Alain Damasio,
sur le confinement :
« Nous sommes encagés
comme des animaux de zoo,
avec nourriture et
fenêtre sur monde virtuel »
L’écrivain français de science-fiction, auteur des « Furtifs », a
répondu à vos questions sur les enseignements que l’anticipation peut
apporter aux sociétés confinées.
Dans un extrait du tchat avec nos internautes, Alain Damasio, auteur de La Zone du Dehors (Cylibris, 2001), La Horde du Contrevent (La Volte, 2004) ou plus récemment Les Furtifs (La Volte, 2019), dénonce « la réaction disciplinaire et contrôlante de l’Etat » face à la pandémie de Covid-19 et appelle chacun à « ne pas sacrifier nos libertés à la peur ».
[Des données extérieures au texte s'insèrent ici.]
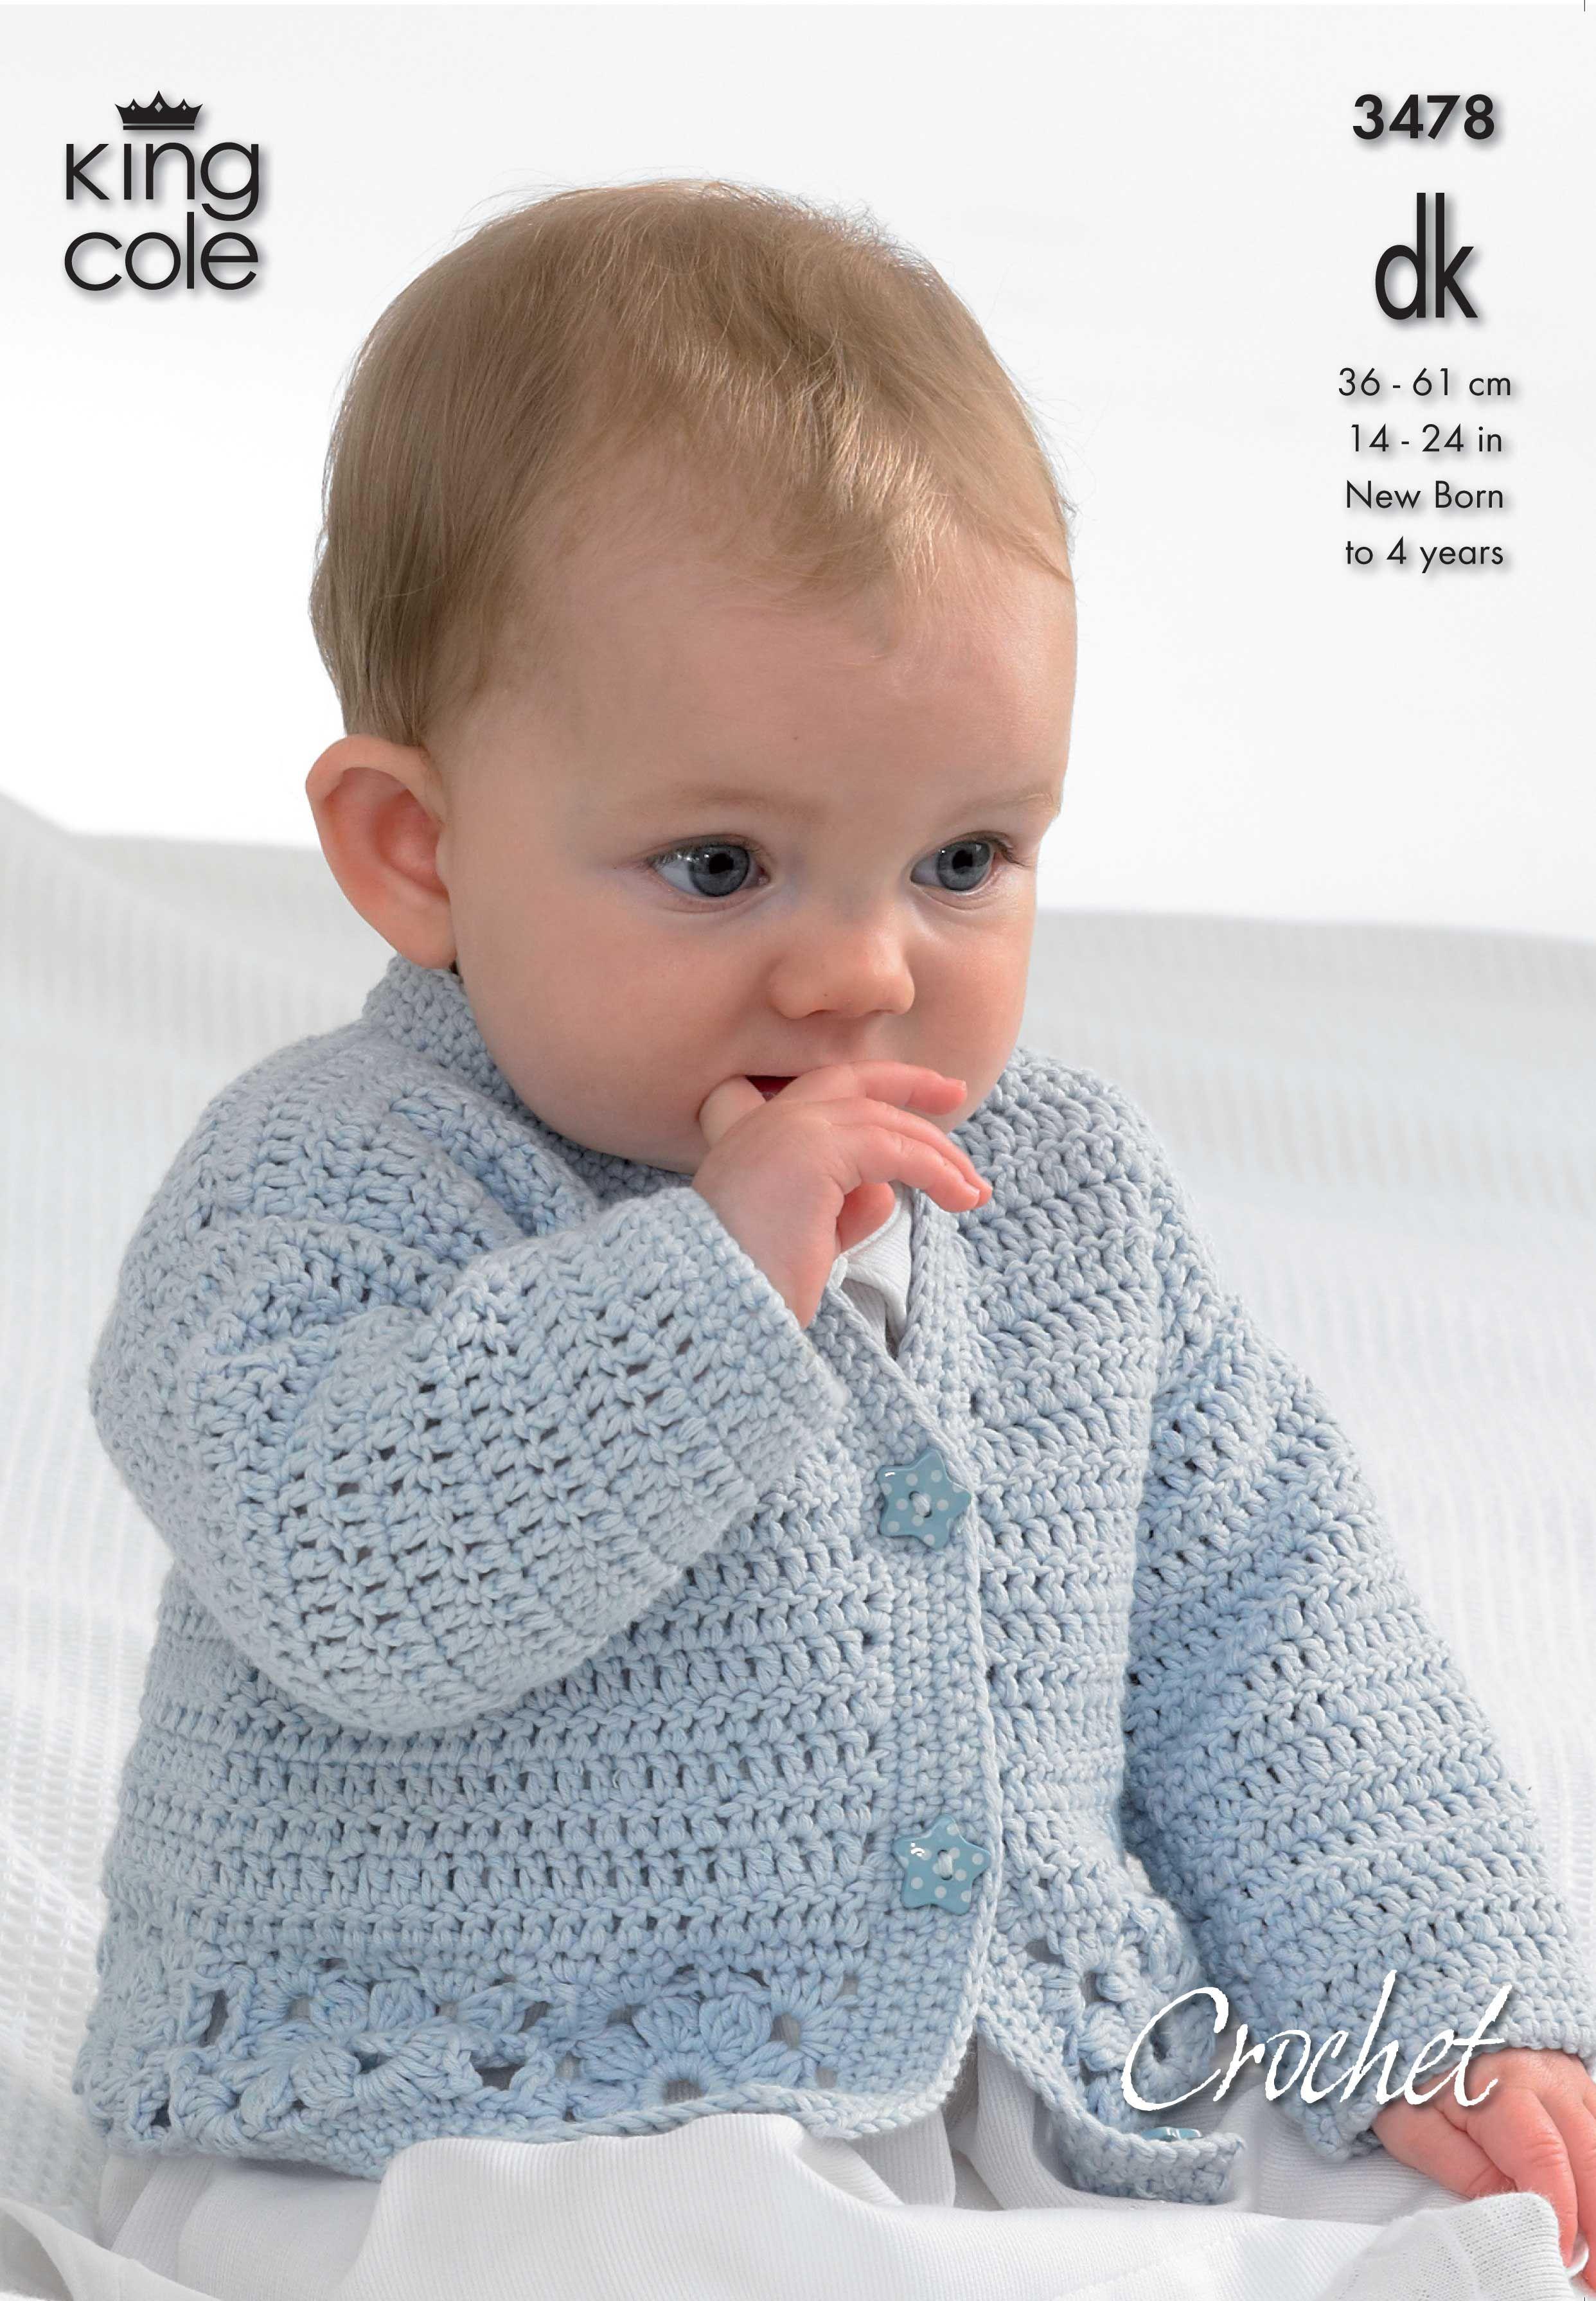 831d8c559 Crochet baby cardigan- King Cole

Kamehameha : Dans « Les Furtifs », vous parlez d’un monde dystopique, mais il n’est pas compliqué d’imaginer notre monde tourner ainsi si l’on n’y fait pas attention. Auriez-vous pu imaginer la période actuelle ?
Alain Damasio : J’aurais
pu l’imaginer, comme un auteur de SF peut extrapoler sur une
catastrophe nucléaire, un réchauffement climatique extrême, une pluie de
météores, on peut toujours imaginer. Ce qui est le plus surprenant,
c’est toujours le côté irrationnel, voire absurde du réel. Quand tu
anticipes, tu rationalises ton anticipation pour la rendre le plus
crédible possible. Tu mets en place des systèmes de règles et de
résonances internes à l’univers, des façons logiques pour le pouvoir
d’agir. Et le réel surgit, et tu as un Trump, et ça, personne ne peut
l’anticiper à ce degré de folie ubuesque, de stupidité aberrante, de
cynisme total, d’égocentrisme abject. C’est un hapax, Trump. C’est un
personnage presque impossible à créer.
Ce
que j’aurais pu imaginer facilement, c’est la réaction disciplinaire et
contrôlante de l’Etat face à cette pandémie, les drones, le flicage
numérique, le tracking, l’aérodynamique de la peur si fortement
utilisée. Ces fonctionnements sont classiques et rationnels, ce sont de
vieilles ficelles enroulées sur une nouvelle bobine clinquante, un peu
techno, un peu moderne.
Philippe : L’actualité met un sacré coup à la furtivité. Le débat sur le traçage n’a jamais été aussi présent. On se moquait des Chinois, mais on s’approche de leur modèle. Comment garder des bribes de démocratie dans ce nouveau monde ?
En
refusant de sacrifier quoi que ce soit à la peur. Tout ce qui se fait au
nom de la peur est suspect, selon moi. On doit lutter à tous les
niveaux : juridiquement, artistiquement. Concrètement en refusant
d’utiliser l’appli, politiquement en manifestant. La furtivité n’est
jamais une évidence, elle se conquiert. C’est une liberté qu’il nous
faut arracher dans un contexte ultra-sécuritaire.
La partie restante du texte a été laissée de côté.